26 Sep

Maximum banhammer. The Horseman.

Posted by Bryan White | Sunday September 26, 2010 | Reviews

The HorsemanYou know what? I’m not a violent guy at all. I’m actually quite passive, in fact. I don’t have that trademark characteristic of being human, the bloodthirst. I’m actually freaked out by real guns and the people who own them. If you’ve read this site enough, you’ve probably detected a mildly antagonistic liberal bent to my personal politics so it goes without saying that I’m not a big fan of the death penalty, either. I’ll tell you what, though. Of all of exploitation’s many bastard sub-genres, none get my pulse racing quite like a righteous story of one man’s reckless drive for payback. Revenge, suckas. You name it. If it features someone going around and making those who wronged them pay, I am probably a big fan of that movie. I fucking adore Death Wish and I never spare an opportunity to check out the cheap rip offs that came in the wake of liberal Paul Kersey’s transformation into a gun toting street cleaner. There is something within me, some unhealthy fascination with taking matters into my own hands and restoring balance. Should I be worried?

Almost ten years ago I caught up with that Paul Schrader flick, Hardcore. The one with George C. Scott as the straight man looking for his runaway daughter who winds up mired in the porn industry and I quite liked that flick. It’s a little silly at times, bearing the period attitude about porn that it’s only a matter of time before all porn viewers are watching kiddie porn, snuff flicks or are desperate sweaty rapists hiding behind the dumpster next to your apartment complex. It often balks when it should go buck wild and feature George C. Scott tearing a man’s throat out with his bare hands. I’m pleased to announce that Australian director, Steven Kastrissios, has come to the rescue with a film that is alarmingly similar to that Schrader movie but boldly dives into the life and times of a man with nothing to lose on his way to avenging the death of his daughter at the hands of vile pornographers.

The police deliver grim news to Christian one day. The announcement: your wayward daughter is dead; coked up out of her mind, held down by heroin, she passed out on her back and choked on her own vomit. How do you like them apples, sir?
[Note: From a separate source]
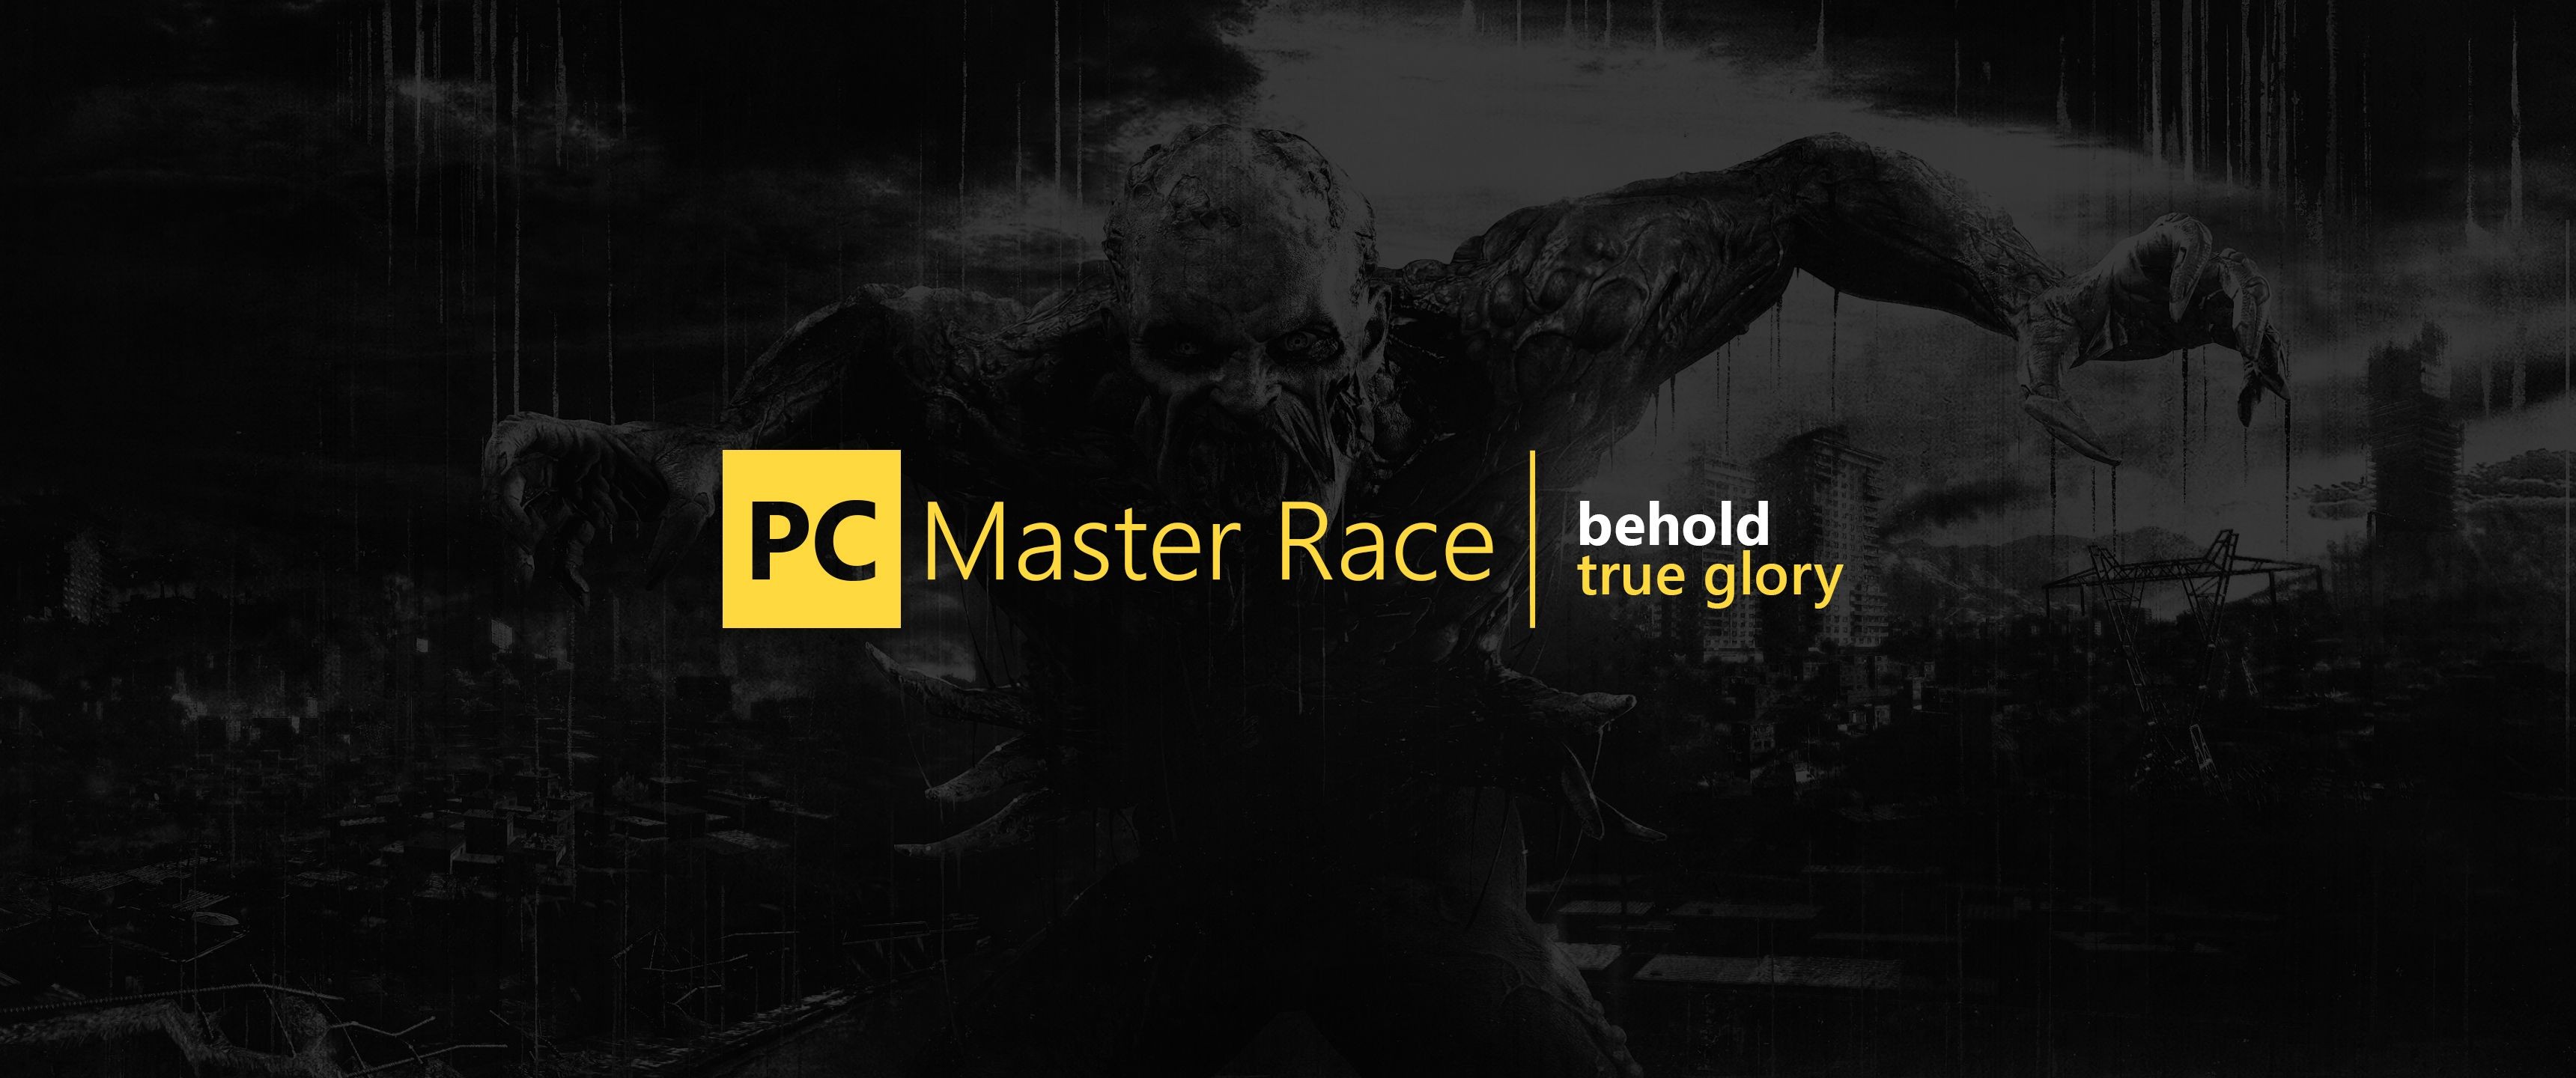 General 3440x1440 PC gaming PC Master  Race logo digital art text

Positively beside himself, Christian struggles with his grief until a porno tape inexplicably shows up in the mail called Inner City Sluts 2 which depicts the ragged and rough handling of his daughter at the hands of four naked men. What  begins as his attempt to simply buy all the remaining copies of the tape from the distributor so as to stop the fucking world from watching his doped up daughter defiled by these scumbags ends with the distributor getting a knife in the throat and thus begins Christian’s travels along lonely Australian highways, leaving a mounting body count in his wake as he tortures and murders everyone involved in the shoot. Along the way, he picks up another delinquent young lady and begins a stand-in father/daughter dynamic with her that gives him the chance to make up for the lousy fathering he did that put his daughter in the position she ultimately found herself.
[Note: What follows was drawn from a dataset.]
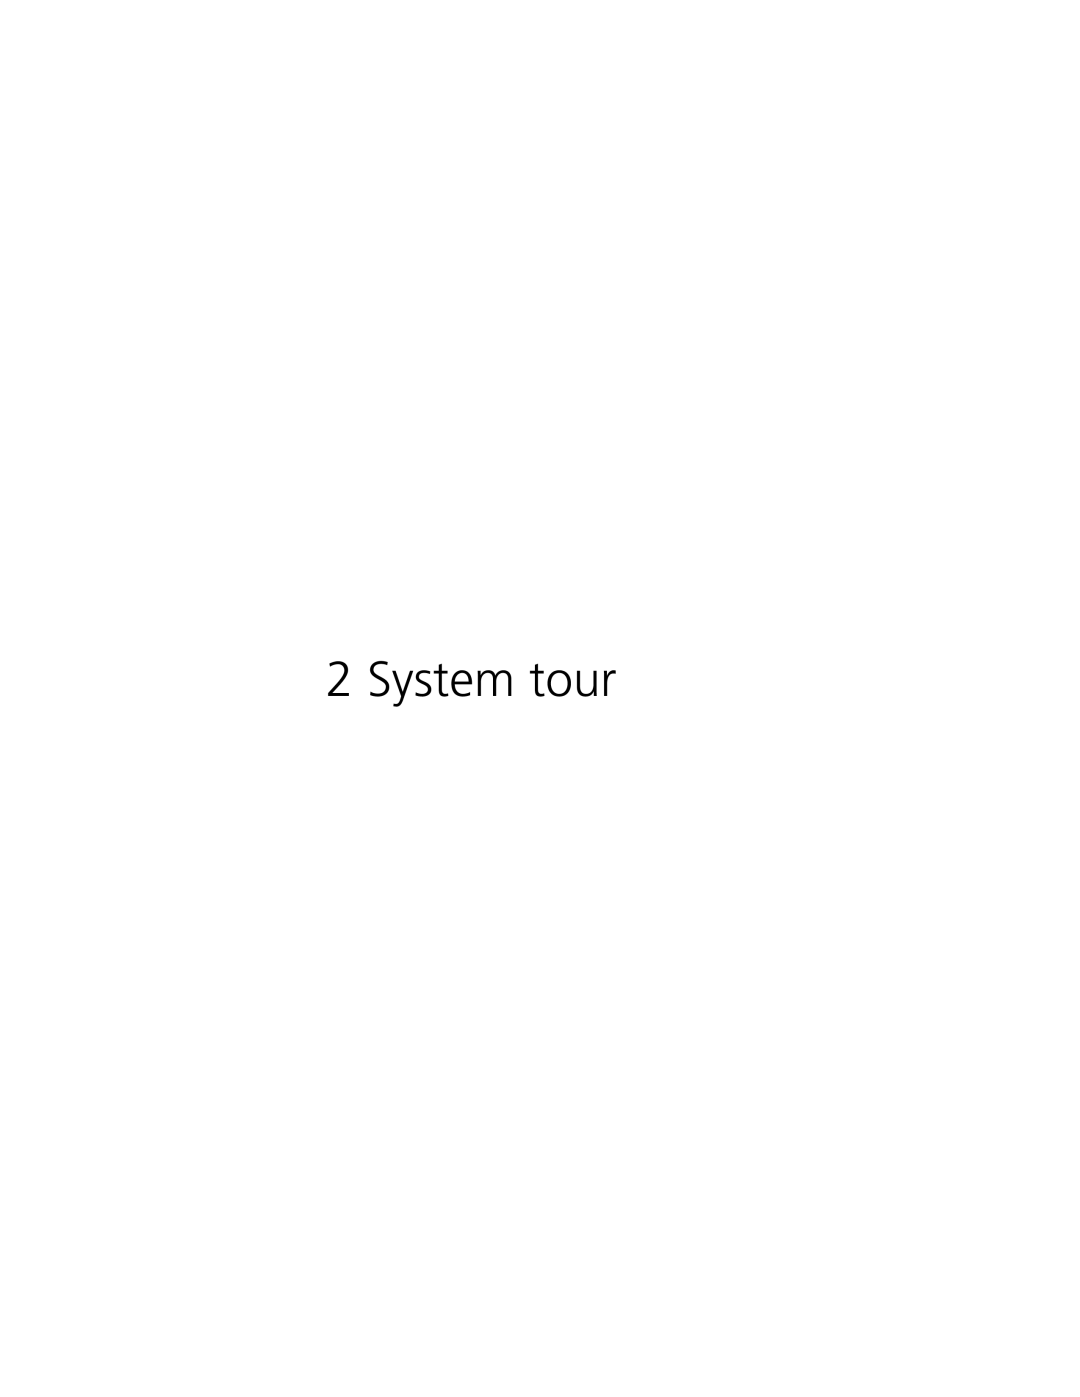 Acer G301 manual System tour

On the surface, The Horseman looks like your average revenge movie. It has all the elements. A wronged man with nothing to lose, scummy bad guys just asking to for it, a crowbar for bashing skulls and a tool box full of nasty instruments used for “interrogation”. On this level, The Horseman performs admirably! It is nasty, violent and angry. Christian’s plight is something that we can all tap into. I’m a father. I have a little girl. I live in a constant state of abject terror about possibilities for the future. The central mechanic of the movie, father avenges daughter, is something that latches on to my reptile brain and is immediately compatible with the hardware. Watching Christian bash and stab his way through sadist after sadist is deeply satisfying, almost to the place where I miss the point that Kastrissios is trying to make.
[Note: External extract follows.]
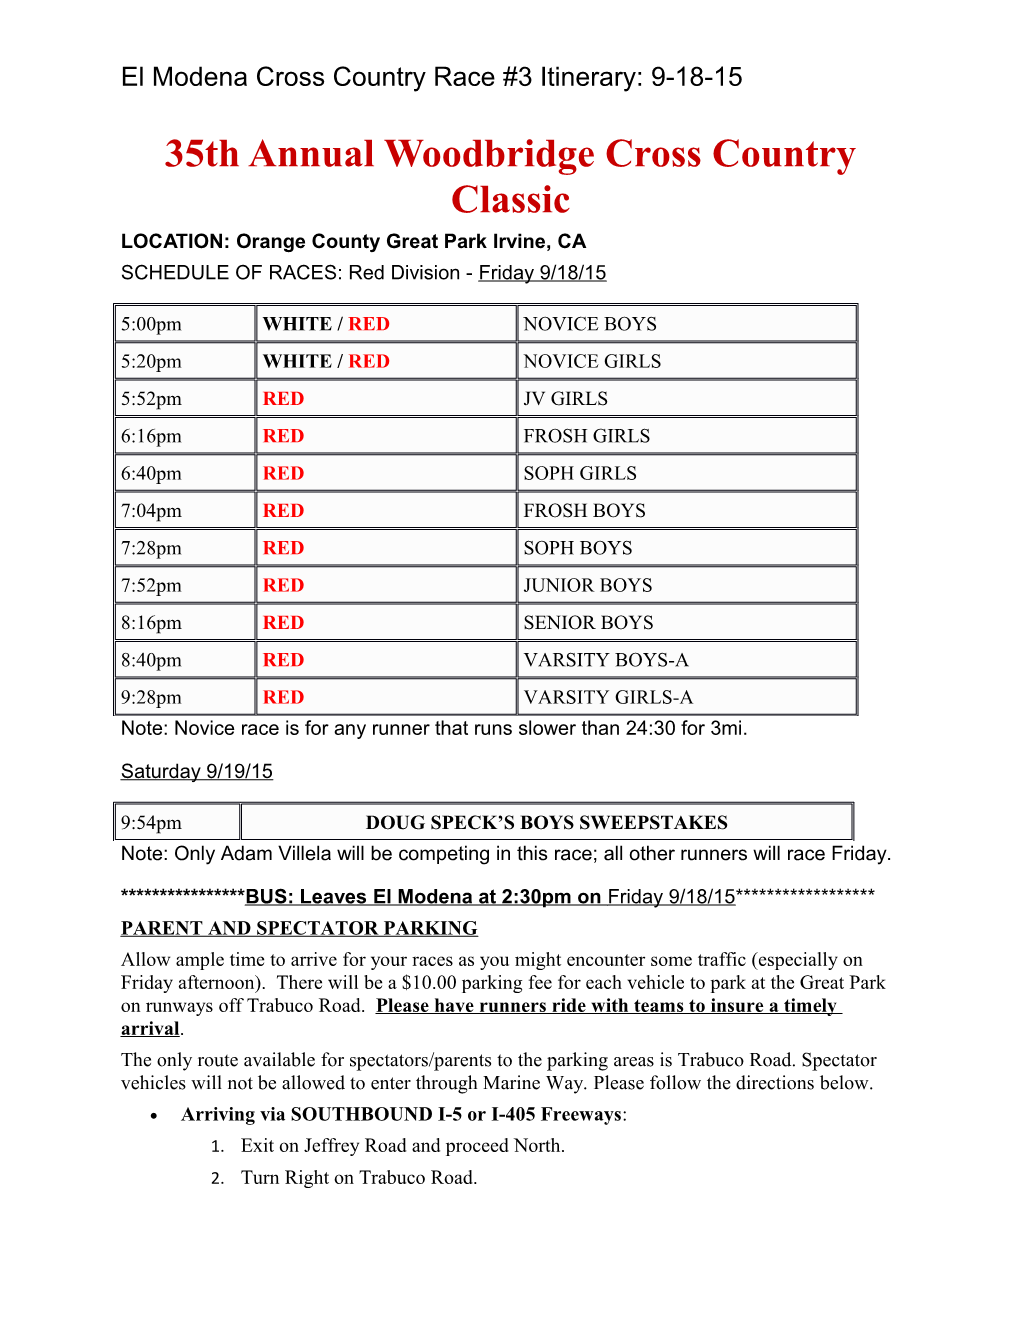 35Th Annual Woodbridge Cross Country Classic

See, Chan Wook Park’s movie, Sympathy For Mr. Vengeance is my gold standard for revenge movies. It’s more than just exploitative messaging trying to thrill that part of us that screams for blood. Your average Death Wish rip off, Death Wish, included, is a movie for lazy people that don’t like poor people. It tosses aside notions of class struggle and taps into that part of the 1974 public anxiety about rising crime in the city but these days, we have much bigger problems as the violence has reached the suburbs so we need to turn to a much more sophisticated subject if we’re going to have a substantial mental meal to meditate on the topic of revenge. Sympathy For Mr. Vengeance was wise to show both sides of the aggressor/victim dynamic and by the time the credits rolled it was pretty clear that dedicating yourself to violence in order to get closure is just a big step in the process of fucking yourself. Kastrissios takes this ball and runs with it.

Through claustrophobic, painful fight scenes. Close up clips of dudes getting their skulls bashed in with a crowbar, desperately fighting for survival in cramped conditions, The Horseman tells a story about how violence breeds violence and that once the cycle is set in motion, there’s no stopping it even if you try. Our hero, Christian, by the time he meets up with runaway Alice, has already killed four men. By the time that he realized that he has a chance at redeeming his fatherly failures, it is way too late and Kastrissios draws this out to its naturally tragic conclusion brilliantly.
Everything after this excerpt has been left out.